Slim. "So making me choose between Paolo and Henry--that was some sort of test, too?"
"At that point, your roles had reversed. You were the strong one; we wished to know if your connection to Henry still clouded your judgment," Enrique replied. "It certainly was one of the more . . . difficult tests."
I trembled, looked down at the table. Difficult for whom?
"You said the asteroid landed in the 60s," Lucas suddenly said. "But you can't be more than forty."
Sabine winked at Enrique. "You see? He's learned a little charm, even. Sweet boy. We're both well into our nineties. Not all of our early experiments with slowing aging were a waste!"
"Then . . . if we've always been this way . . ." I raised my eyes. "How old are we?"
"I knew you'd ask at some point!" Enrique raised a fist gleefully. "Our smartest yet, Sabine. You've always been seventeen. The perfect age, in our estimation--old enough to forge your own way yet young enough to avoid many of the repercussions of your actions. But if you're asking how long you've been on this earth . . . well, in Layla's case, about thirty years, and in Lucas's, near thirty-five."
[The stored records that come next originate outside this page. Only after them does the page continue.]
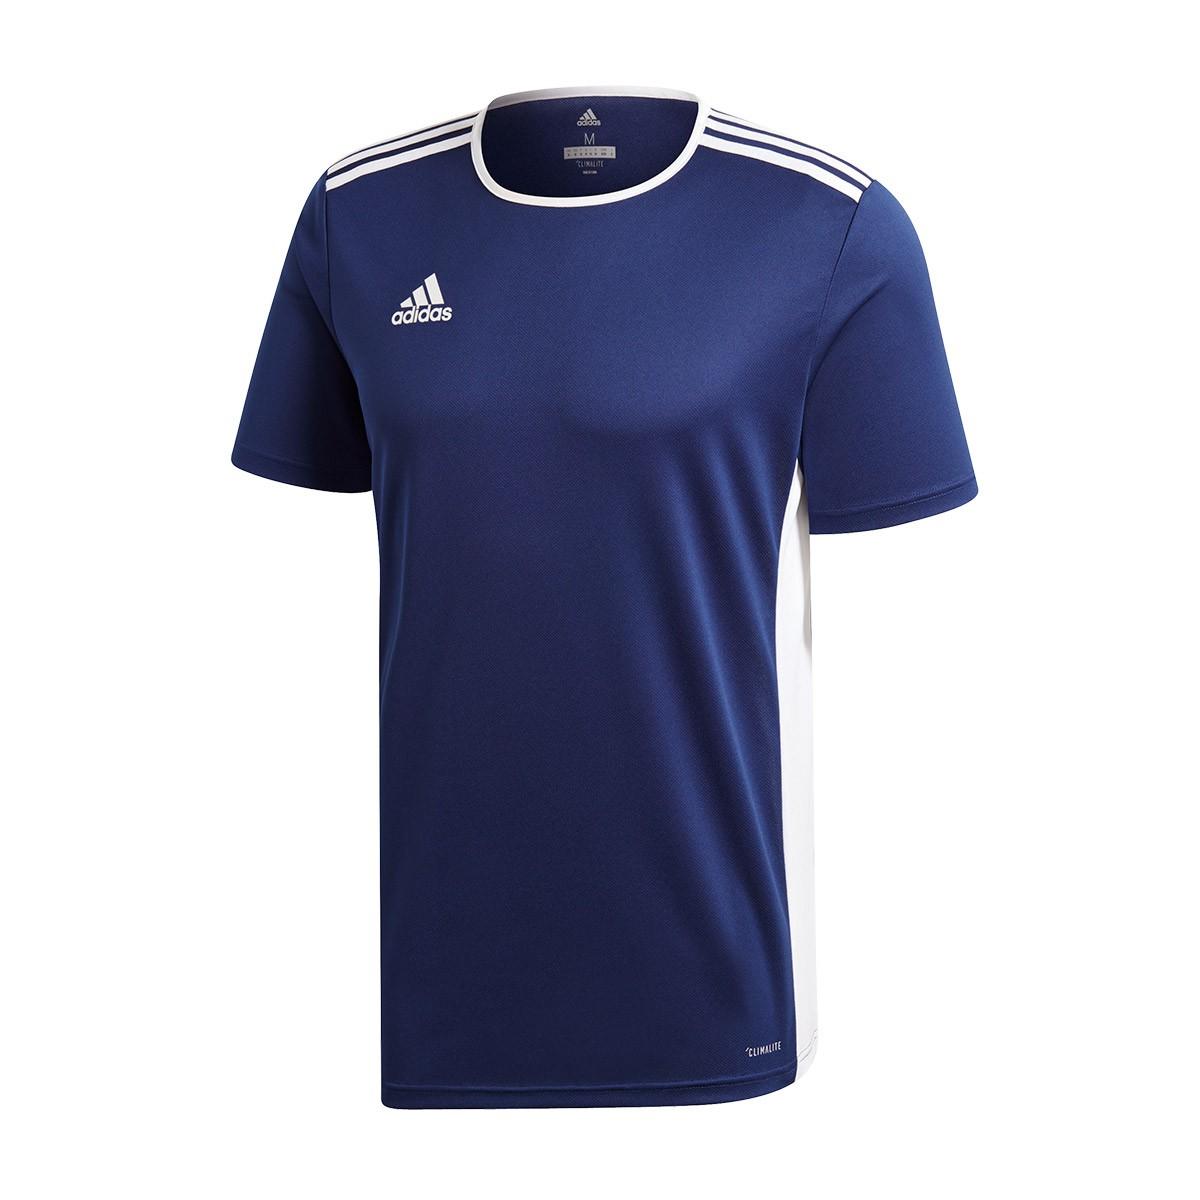 Jersey adidas Entrada 18 m/c Dark blue-White - Fútbol Emotion
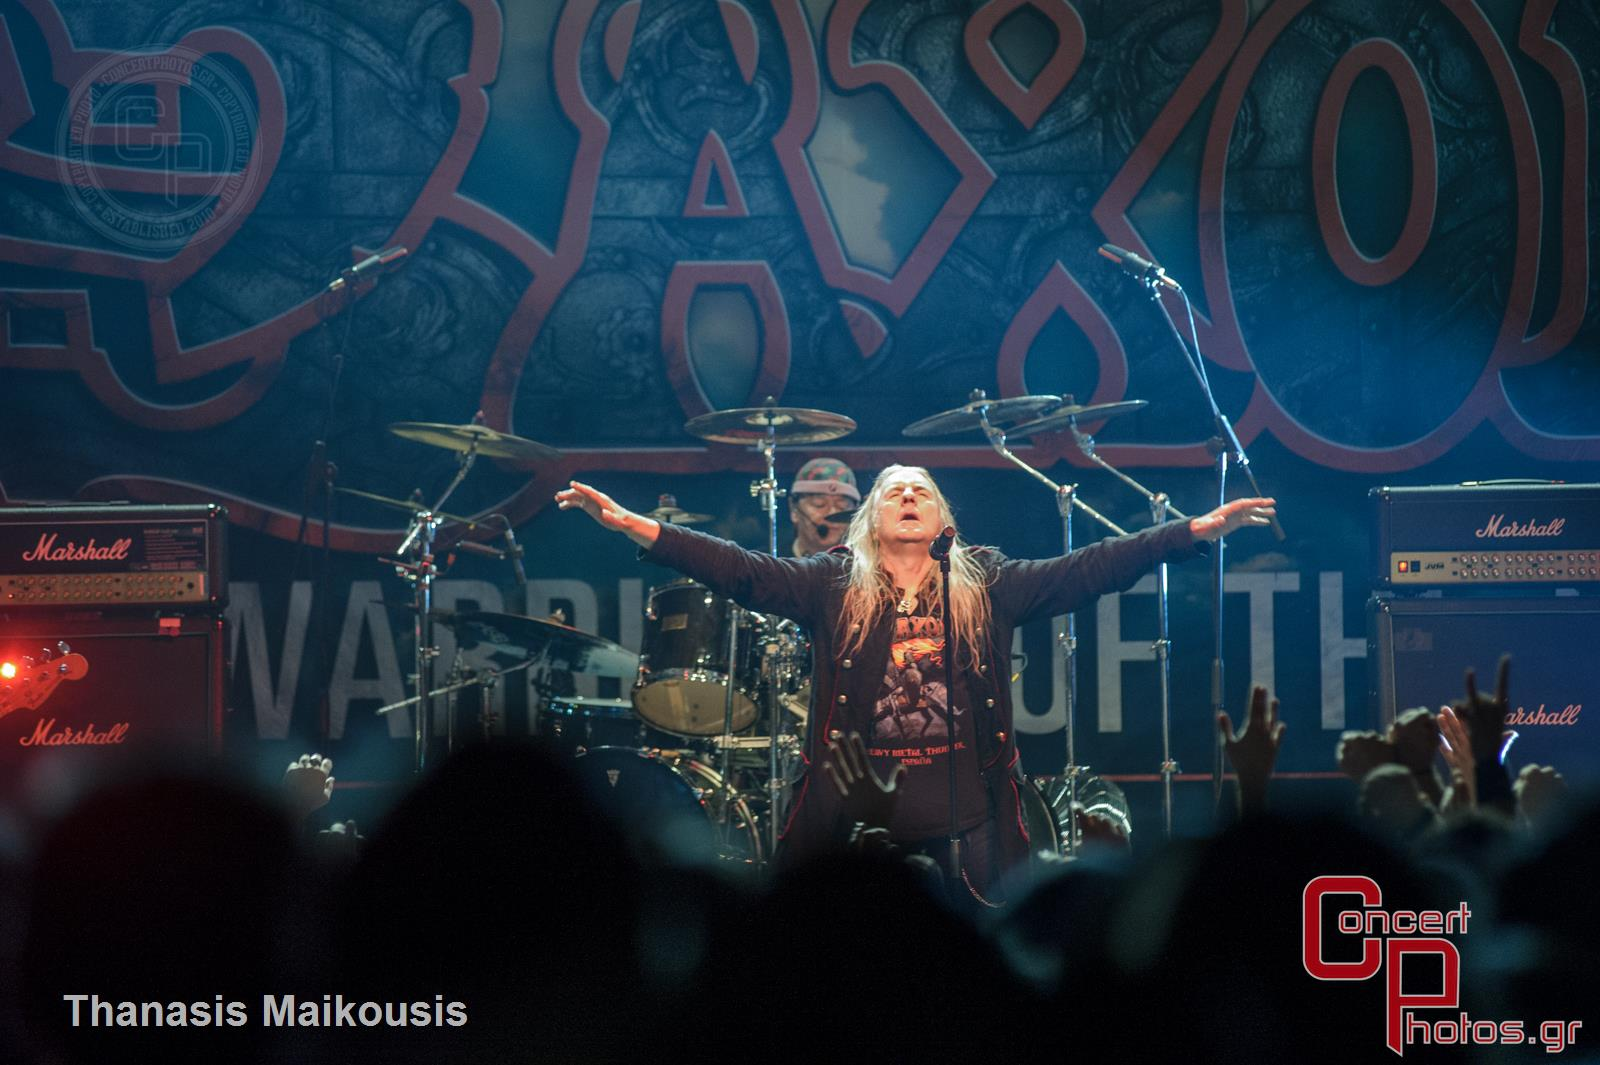 Saxon & Innerwish -Saxon Innerwish Gagarin photographer: Thanasis Maikousis - concertphotos_20141025_23_56_43
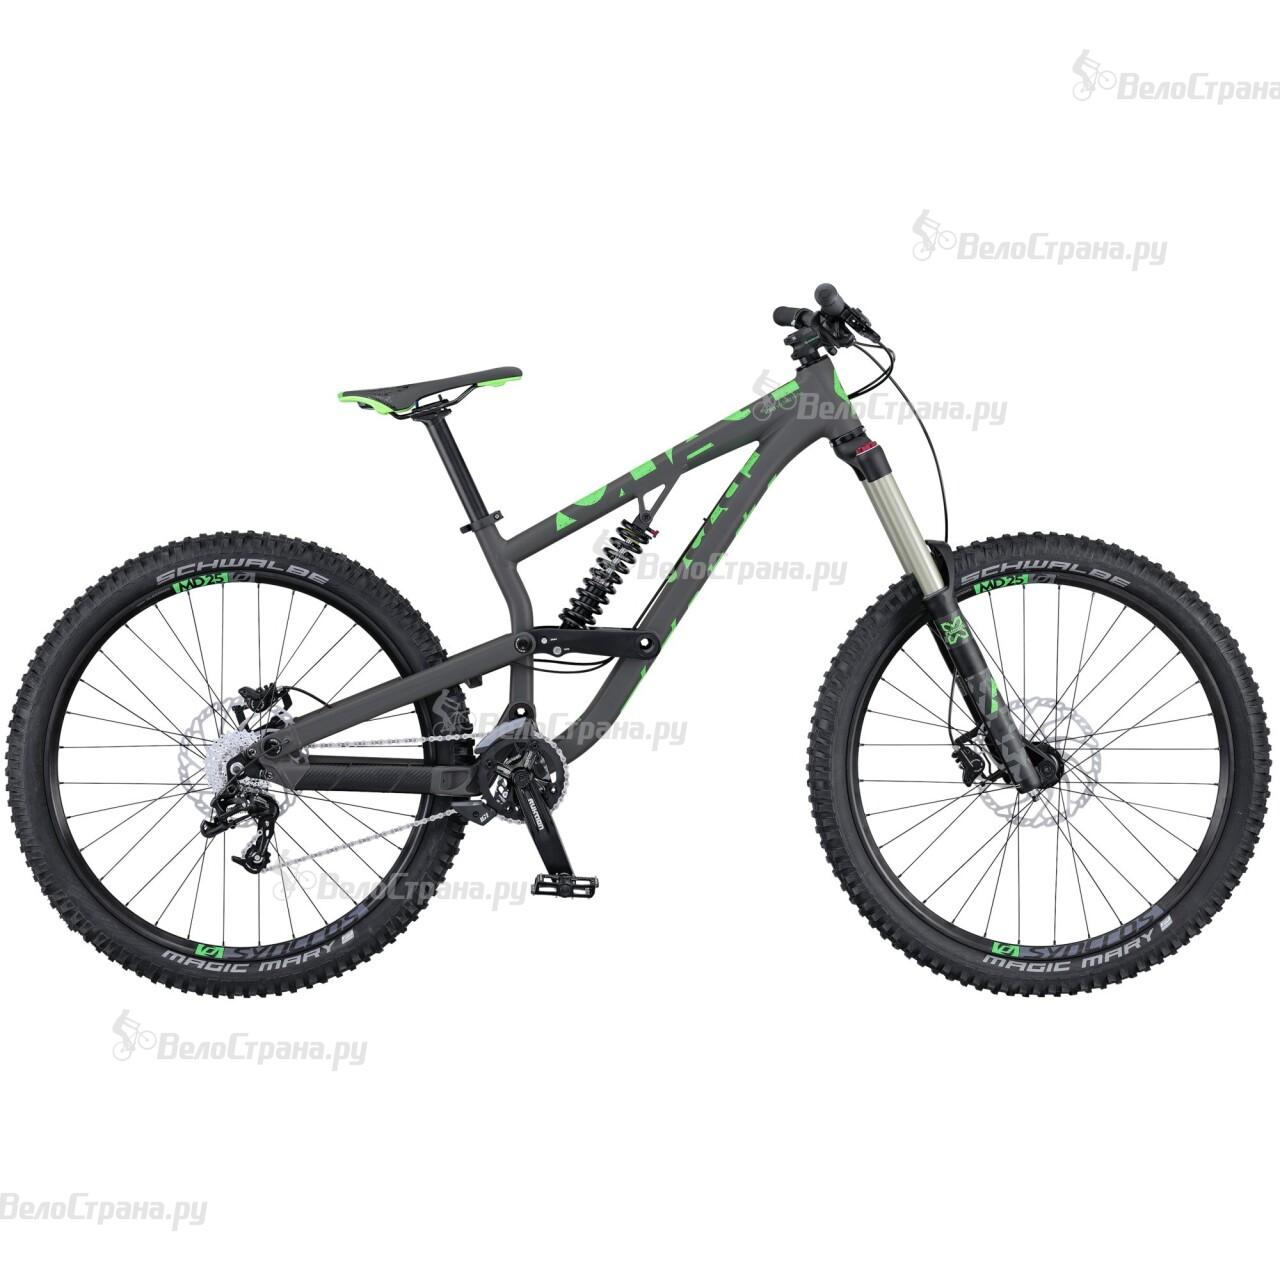 Велосипед Scott VOLTAGE FR 730 (2016)
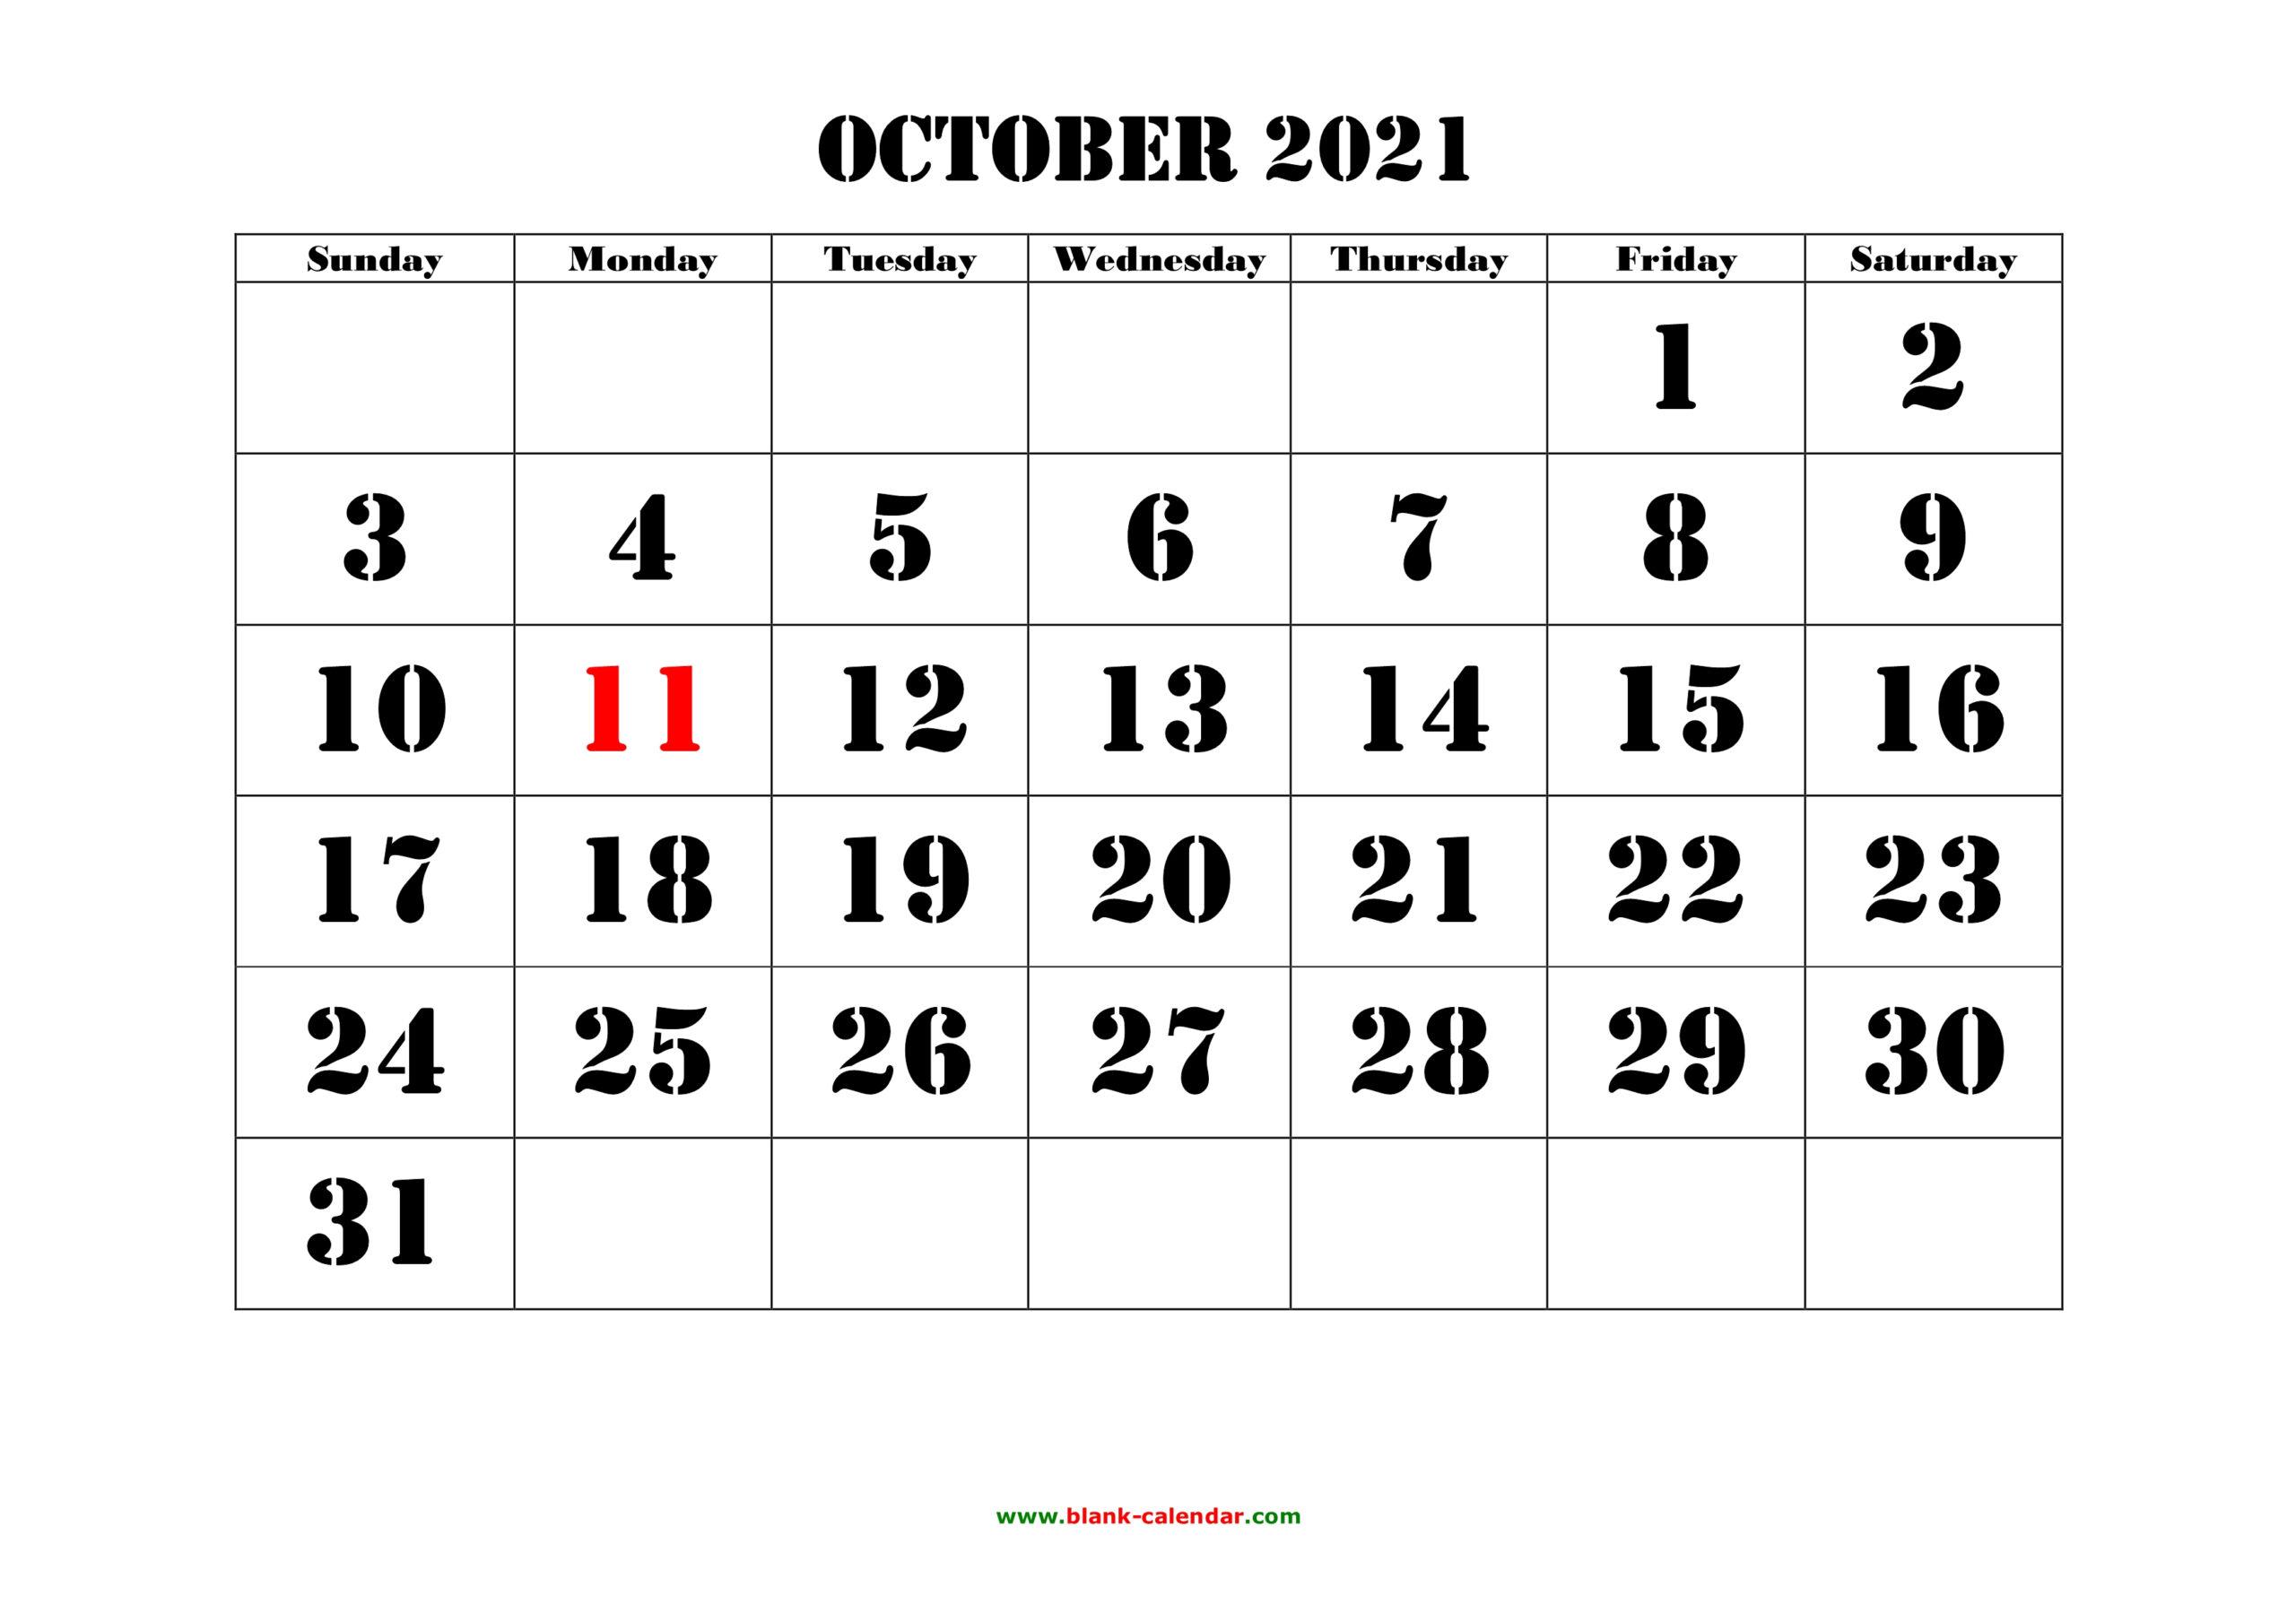 Calendar October 2021 Google Docs | Printable March

My mouth agape, I stared in disbelief at Enrique. "You--you've been splitting up me and Henry for . . . for thirty years?"
"Closer to fifteen. We did allow you some time together, our seventh and eight generations, when you were first awakened. You spent some time at the beach house, acclimating, learning, socializing; I think you might recall some of those years."
"But--how--how many times have you erased our minds? Mine and--and Henry's?"
Sabine said it so quickly it was as if she'd been waiting for me to ask, to hurt me with the answer: "Ten. Almost eleven, though you managed to evade us the last time, clever girl."
My head spun. Was spinning. Had been spinning since we'd sat down. I couldn't believe what I was hearing. And when they said more things, things about giving us time to process and prepare before tomorrow's experience, and when their people lifted me out of my chair and led me back into a room, it all remained spinning. It was as if all of a sudden, hours later, I realized too late that I was on a bed, in the room I'd been in before, and Lucas was no longer with me.